The curly brackets around flags distinguish them from the indices that are relevant for same-instance, which are enclosed in square brackets. N.B.: Contrary to what one might expect, flags must follow any same-instance indices. In other words, curly brackets follow square brackets. The proper order of the two types of indices is illustrated in the following example.

node: IP*
copy_corpus: t

query:     ([1]NP iDoms [2]{1}NP)
       AND ([2]NP iDomsFirst DF)

append_label{1}: -PART

The above query transforms the old structure below into the corresponding new structure:

Old:     (NP (Q beaucoup)
             (NP (DF de) (NCPL livres))

New:     (NP (Q beaucoup)
             (NP-PART (DF de) (NCPL livres))

Note the "copy_corpus t" line in the preamble of the query, which yields an output file containing a full copy of the input as modified by the revision query. If this line is omitted or commented out, the output contains only tokens that match the query, as modified by the specified revisions. This option can be useful in developing and testing complex revision queries, as it allows the developer to home in on the relevant tokens.

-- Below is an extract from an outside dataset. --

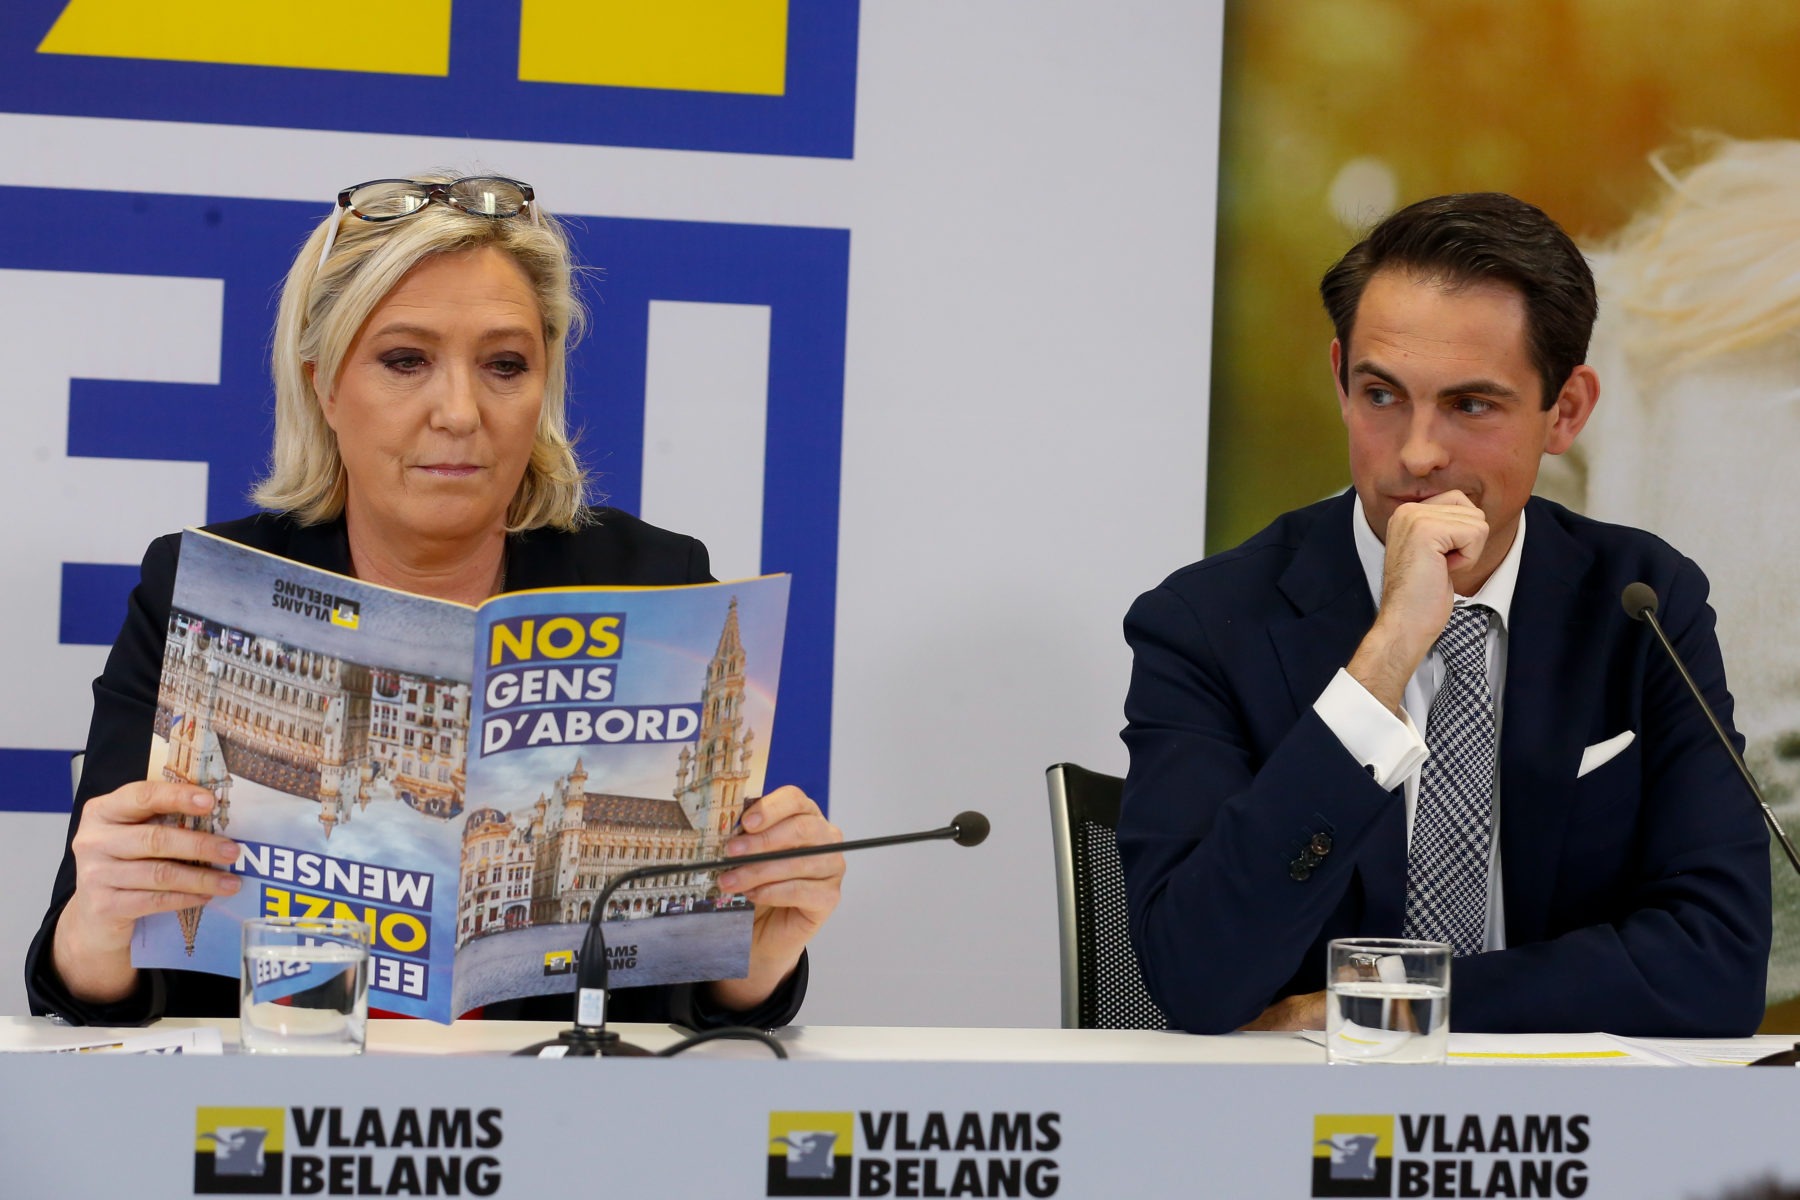 Le duel Zemmour-Le Pen déchire aussi… le Vlaams Belang  

Another example (this one without same-instance indices) comes from the history of the Tycho Brahe Corpus of historical Portuguese. Originally, portmanteau items like "dos” were treated as one word, but it was later decided to split such items into two pieces - in the case at hand, a preposition “d@", and a determiner “@os”.

Old:     (PP (P+D-P dos)
             (NP (ADJ-P grandes)
                 (N-P homens)

New:     (PP (P d@)
             (NP (D-P @os)
                 (ADJ-P grandes)
                 (N-P homens)

The change can be implemented with the following query file:

node: IP*
copy_corpus: t

query:     (PP iDoms {1}P+D-P)
       AND (P+D-P iDoms {2}dos)
       AND (P+D-P iPrecedes NP) 
       AND (P+D-P hasSister NP) 
       AND (NP iDomsFirst {3}*)

replace_label{1}: P
replace_label{2}: d@
add_leaf_before{3}: (D-P @os)

don't repeat flags

Suppose you have a query where the same node is mentioned several times. You may be tempted to flag the node every time it appears in the query, as below:

WRONG!

query:     (NP* iDoms [1]{1}Q)
       AND (NP* iDoms [2]{2}Q)
       AND ([1]{1}Q iPrecedes [2]{2}Q)
add_internal_node{1, 2}: QP

The problem with this is that CorpusSearch only needs to have the arguments flagged once, and repeating the flags just increases the possibility of error (for instance, the same flag might wind up referring to two different nodes). For this reason, CorpusSearch ignores repeated flags, and issues a warning when they are encountered. The above query produces these WARNING messages:

WARNING!  Subsequent flag {1} has been ignored.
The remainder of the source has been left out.